Cybersecurity experts are urging businesses to take their security into their own hands by educating their employees and taking the fear out of cybercrime.
Edward Whittingham, Managing Director at cybersecurity company The Defence Works, said “there is a huge fear around cybersecurity which needs to be addressed before we can move forwards.”
Businesses should begin to implement their own measures to challenge initial threats in the digital landscape, and not view cybercrime as something unavoidable or unmanageable, he says.
“Cybercrime is just the evolution of ordinary crime, a cyber-enabled crime of the old type,” Whittingham added.
Kiran Bhagotra, CEO and Founder at Protect Box, a cybersecurity comparison site, claims that the industry “needs to stop peddling fear” and that terms like “advanced persistent threats” do little to help businesses see security as something they have genuine control over.
The experts highlighted measures SMEs can implement to dampen the threat of fear around cybercrime. “We as business owners have a duty to look after our staff so they can look after the organisation,” said Whittingham.
“Technology will only ever stop so much,” he added, “so it also comes down to the end user and what they can do to help. Look at doing regular awareness training with your staff, carry out simulated phishing campaigns, engage with your employees so they know what type of attacks are out there and how they’re changing.

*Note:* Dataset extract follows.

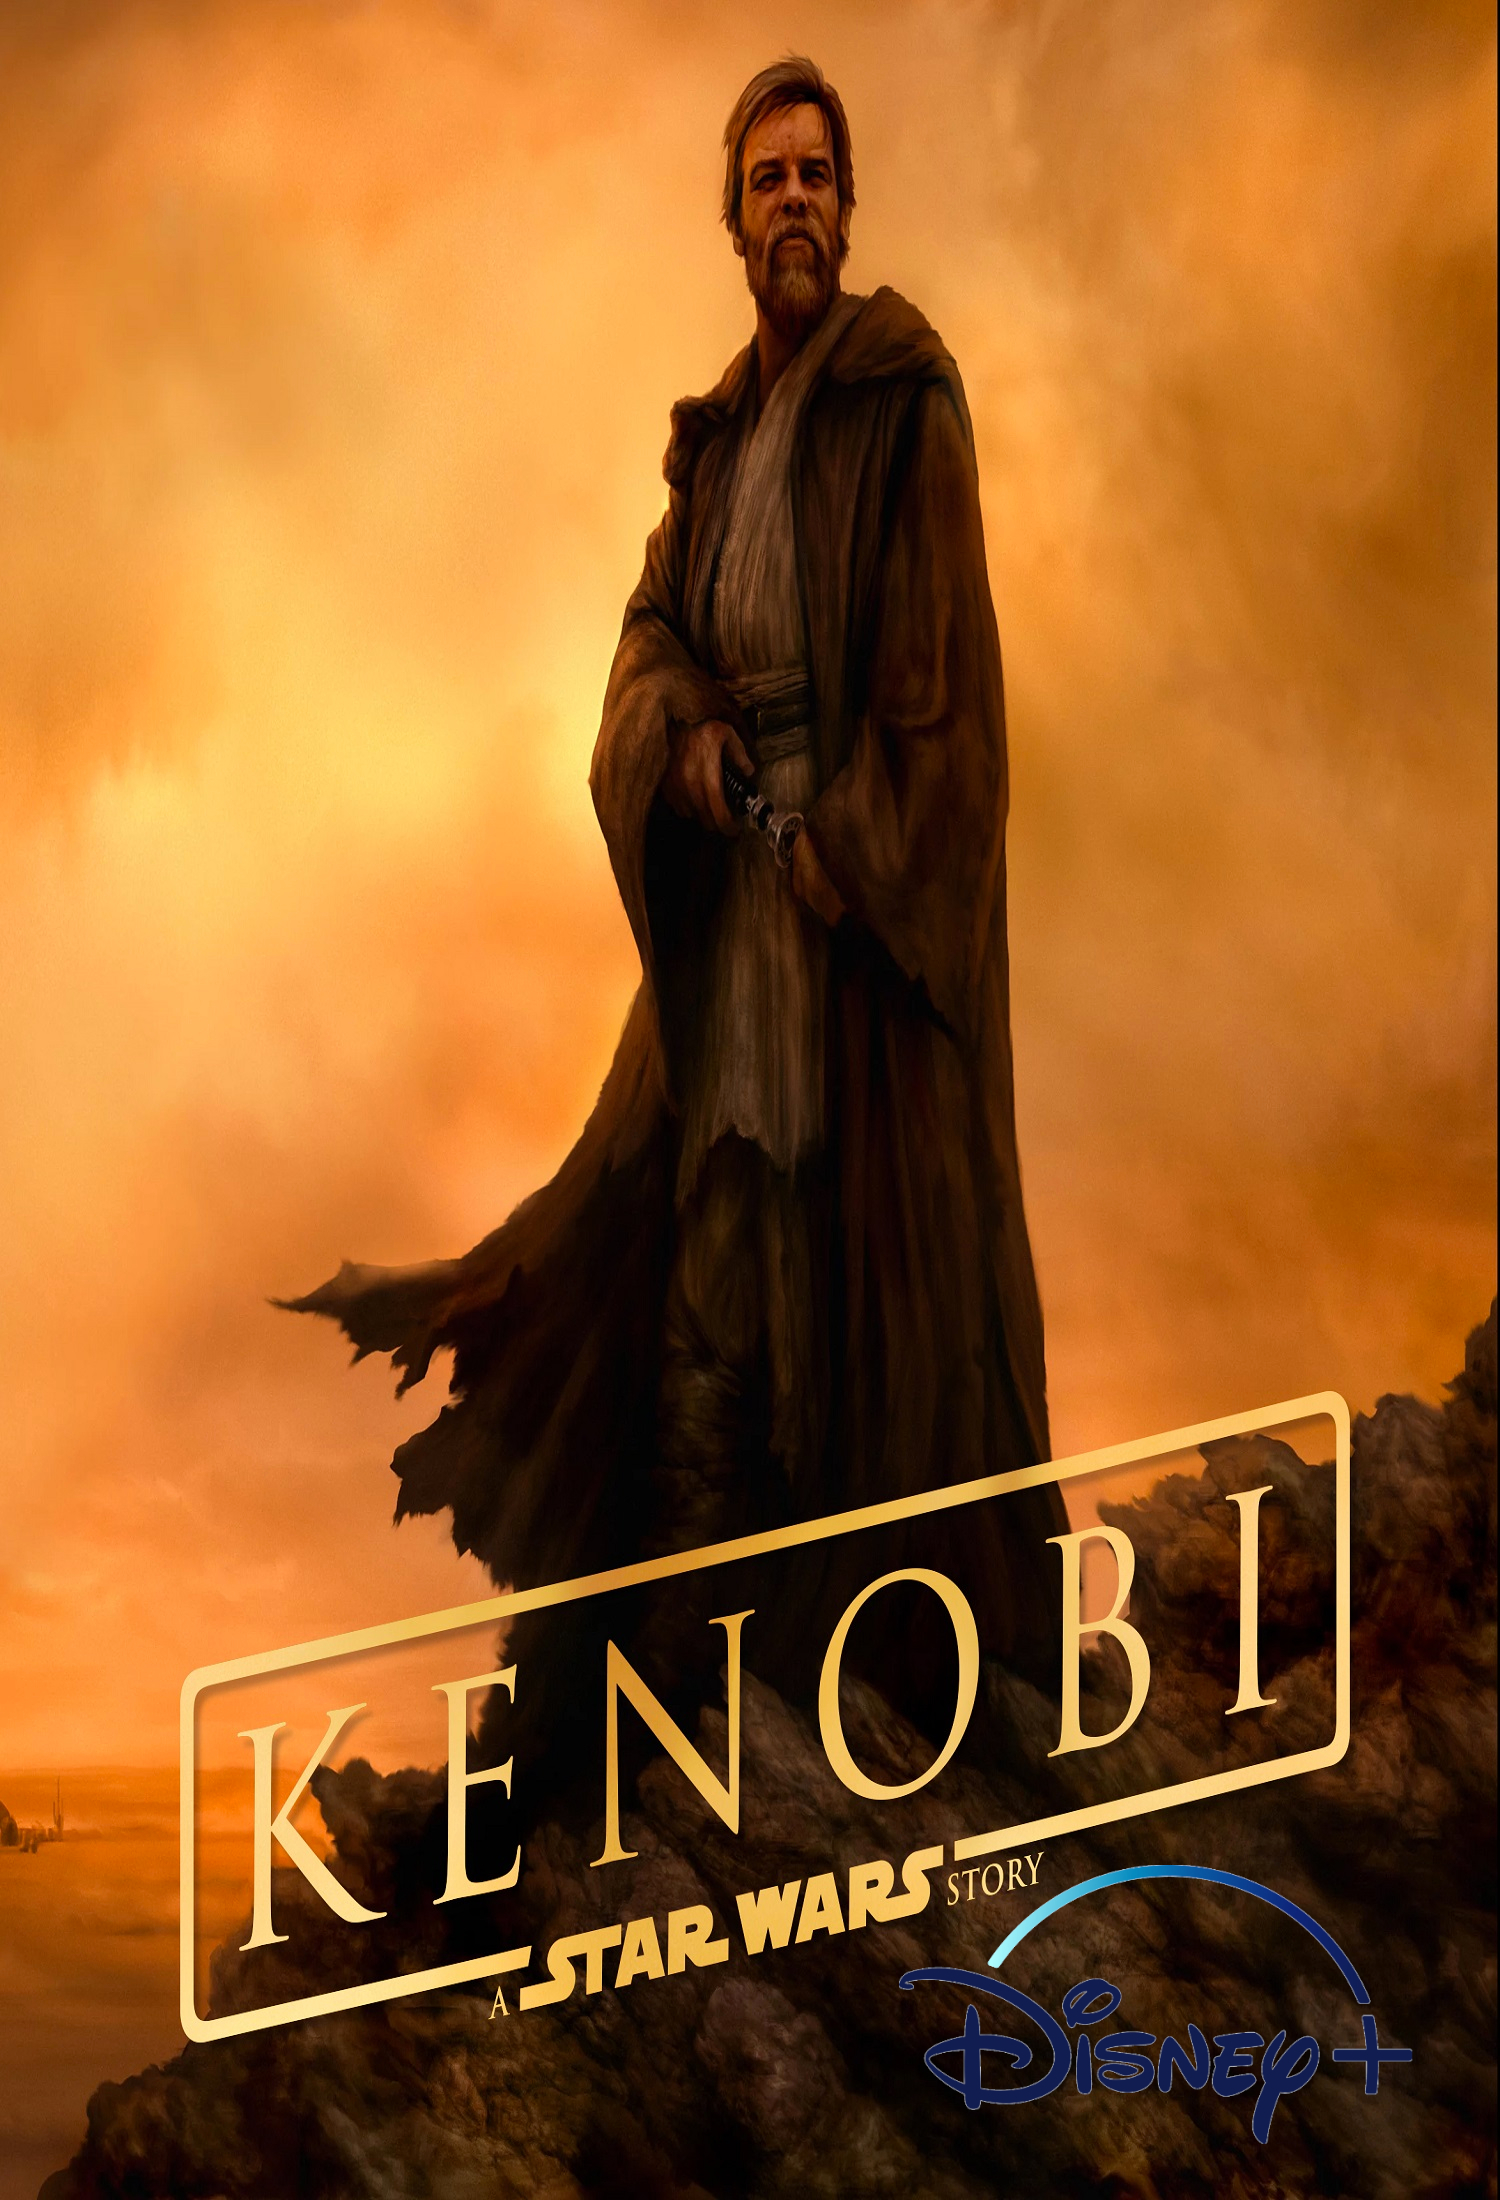 Obi Wan Kenobi Series Coming To Disney Plus Update Confirmed Reggie S Take Com

Education is a huge first step in combatting the sense of fear that’s been generated.”
The comments come in the week that widely reported research from charity Business in the Community revealed 40 per cent of small businesses have no cybersecurity strategy in place whatsoever.
Noha Amin, Information Security Awareness Manager, focussed on the importance of businesses “creating their own defence landscape” with the most crucial aspect being the “governance of policy, procedures and process.”

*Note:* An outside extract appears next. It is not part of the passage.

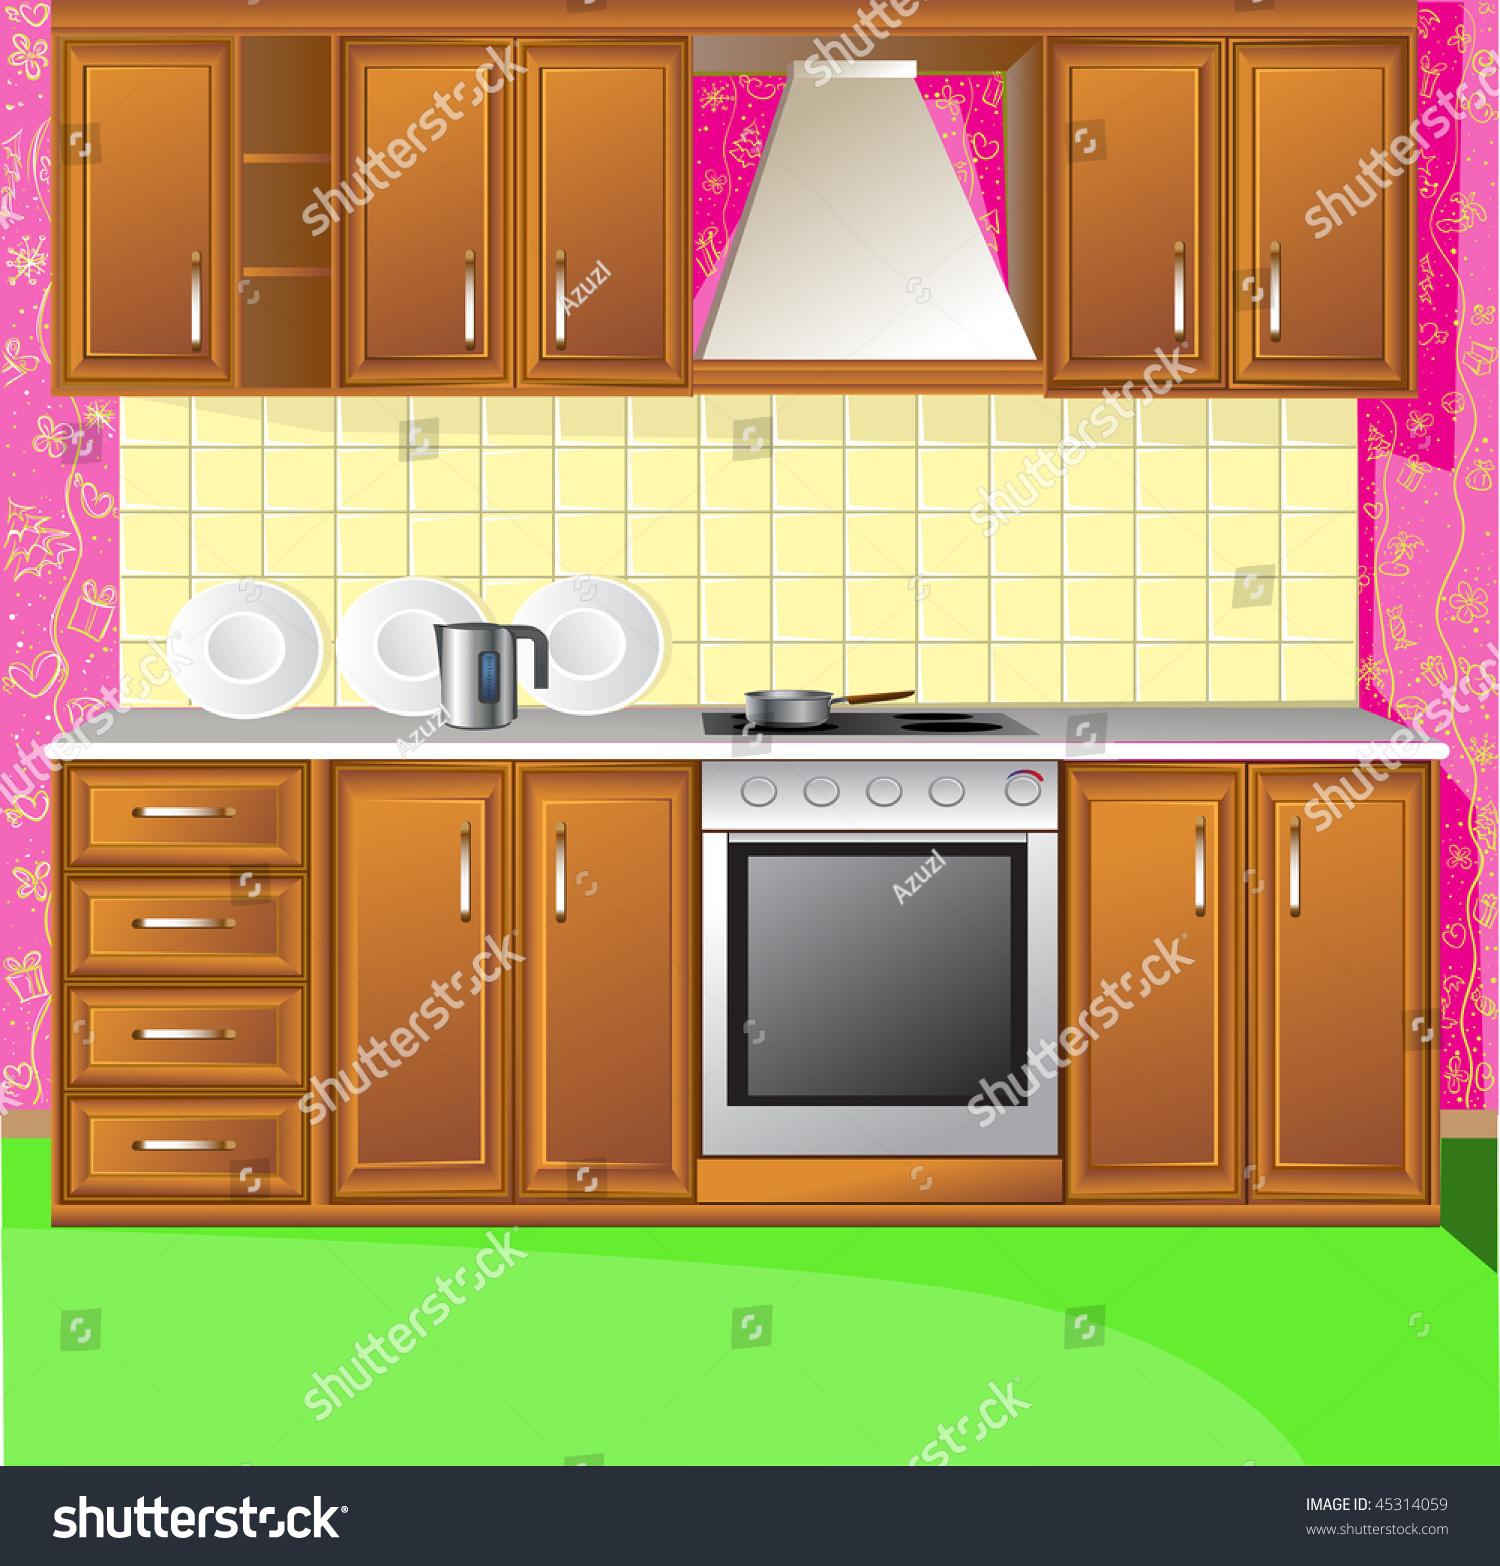 Light Pink Kitchen Vecor Stock Vector Illustration

Nazia Khaleeq, Founder and Director at GlobeNet Security, encouraged businesses to “think of your people as a human firewall; if a phishing email comes in, the person that’s going to let it in is one of your staff who might click a link – and that’s a business problem, not a people problem.”

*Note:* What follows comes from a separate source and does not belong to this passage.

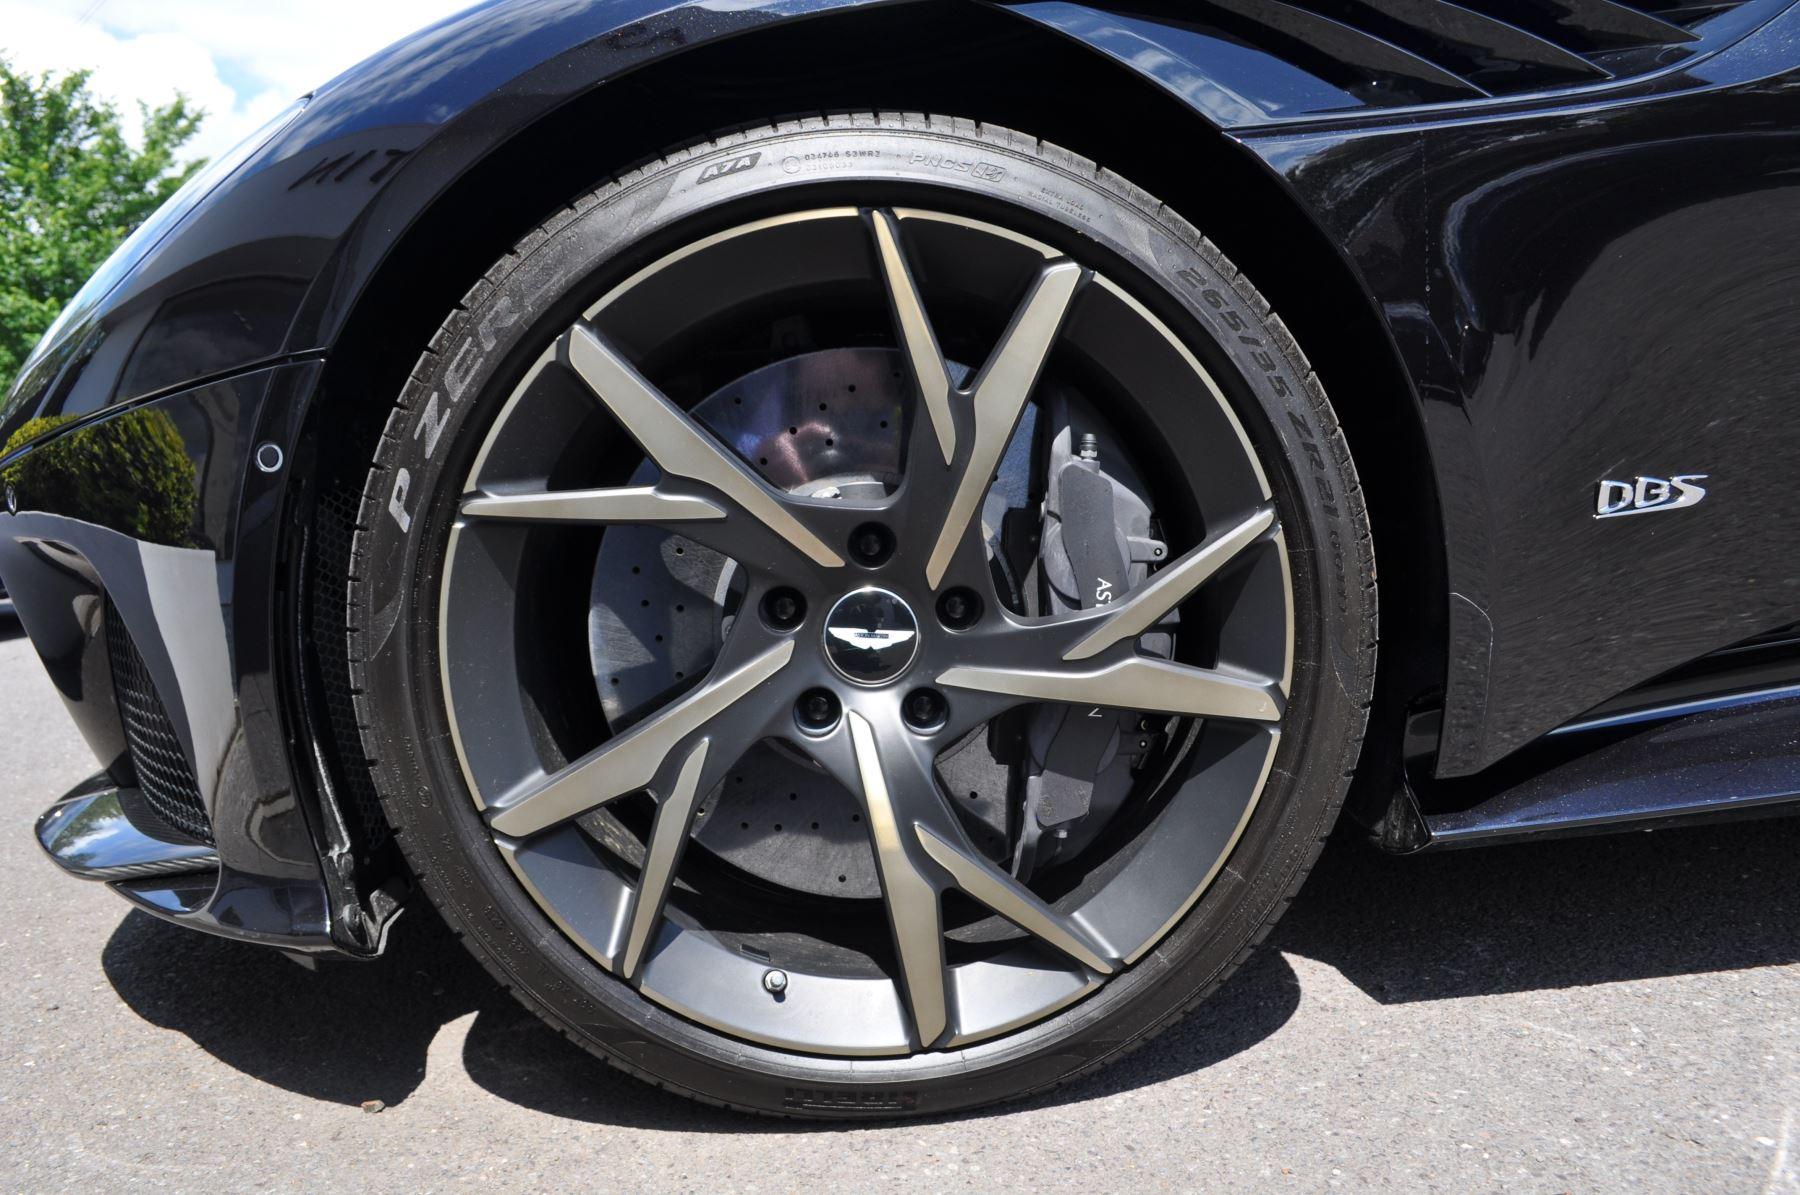 Aston Martin DBS V12 Superleggera Touchtronic image 19

However, Bhagotra assured businesses to “not feel overwhelmed” by the prospect of implementing cybersecurity training measures. Her advice to small companies which perhaps don’t have the funds or infrastructure to put cybersecurity solutions in place was to “think about the training procedure as something you’re going to maintain over time to improve security, and it justifies that initial exercise.”
Although Whittingham predicted a 2019 of increased cyber-attacks, he reassured that businesses are “getting to grips with it” and starting to raise awareness amongst their staff.
He concluded: “If you’re aware of it, you’re more likely to spot it.”